Published: Sunday, April 29 2012 12:00 a.m. MDT

Pignanelli: The results this year especially highlighted the unique dynamics of the convention process. These activities are built for candidates with a stage presence and personal energy. The pre-convention polls clearly documented that there would be a Republican primary for the 4th district and a Democrat primary for the U.S. Senate nomination. Yet, the most charismatic individual in these races swept the delegates off their feet — guaranteeing the nominations for Mia Love and Scott Howell, respectively. Some argue this feature is a disadvantage for the hard-working but "personality challenged" candidate who underwent the hard work prior to the convention. Reality demands the candidate with the most public appeal, regardless of effort, should emerge from the convention.

Further, conventions do not have the luxury of time to resolve intra-party squabbles that erupt at the last minute. GOP activists are still scratching their heads over the 2nd Congressional District contest last Saturday.

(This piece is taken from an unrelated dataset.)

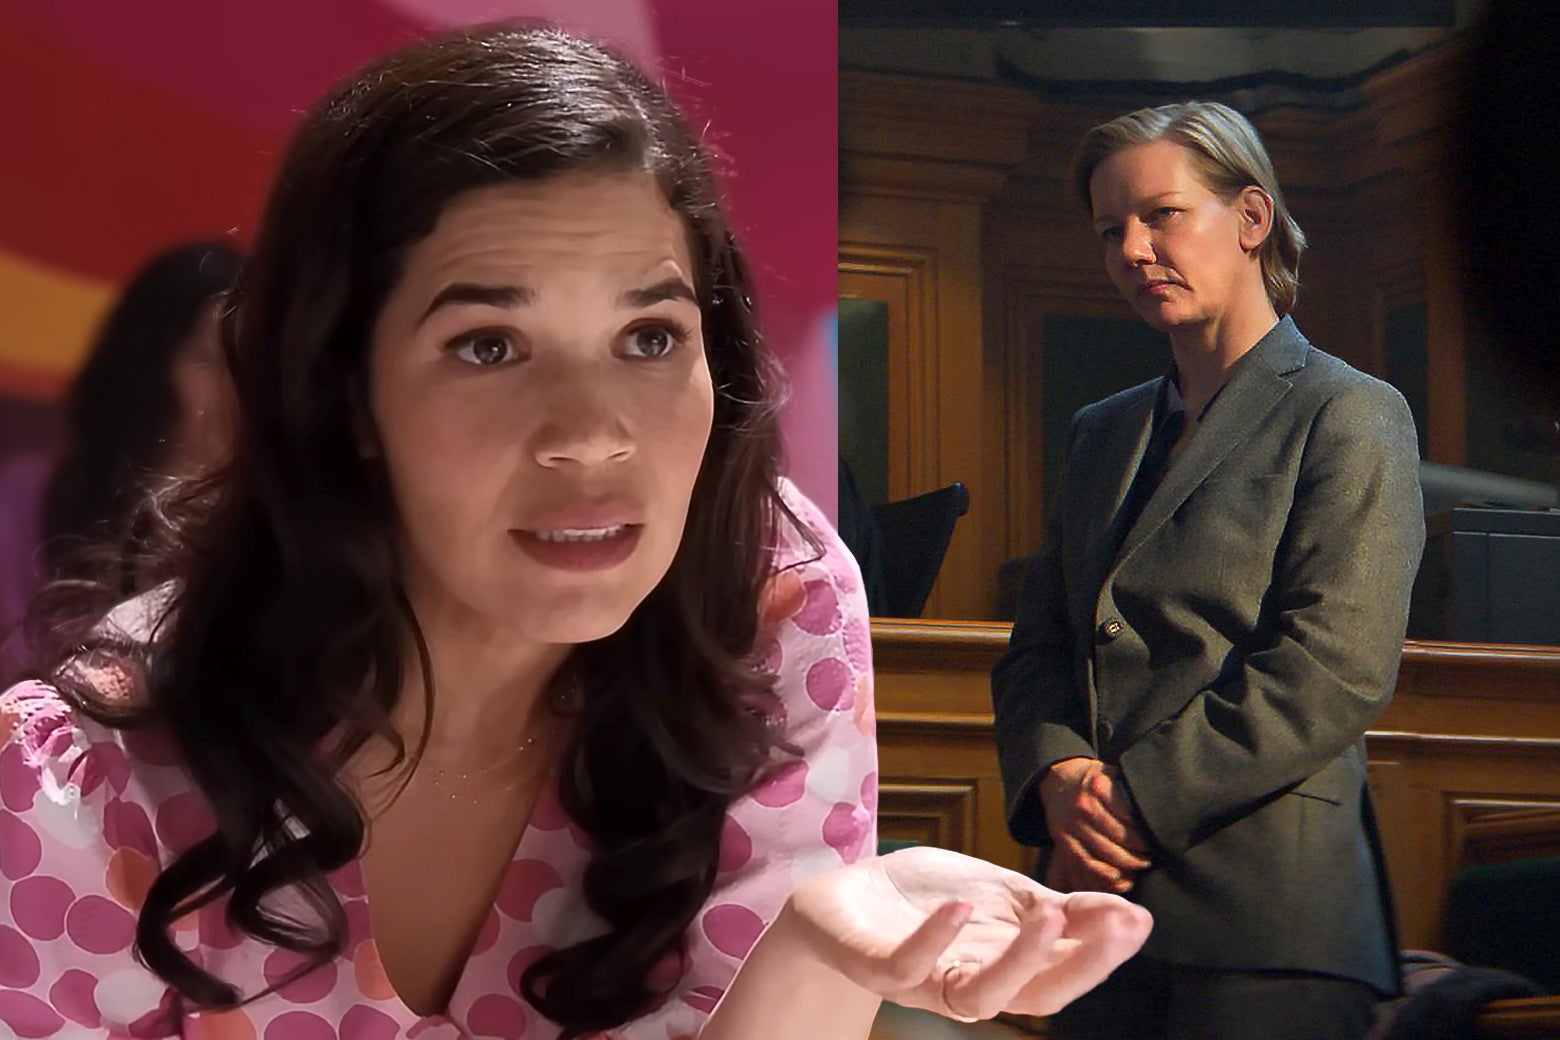 America Ferrera in Barbie giving her feminist monologue and Sandra Huller in Anatomy of a Fall in the courtroom side-by-side.

The heated accusations made by a minor candidate against another pushed the emotional buttons and shifted the momentum in a short amount of time. Primaries offer better deliberation of such matters.

Climate change is giving us wonderful, warm Saturdays in April; why should they be wasted on political conventions?

Were the conventions beneficial or detrimental to party leaders?

Pignanelli: The biggest winners of the conventions were party chairmen Thomas Wright and Dabakis. Against dire predictions of a tough year, Dabakis fostered a great team of candidates and excitement among the faithful. We are still hearing kudos for Wright's tremendous management of the controversies while utilizing a new electronic balloting system. Even I was able to observe Wright's solid convention acumen on my laptop through live streaming (very cool).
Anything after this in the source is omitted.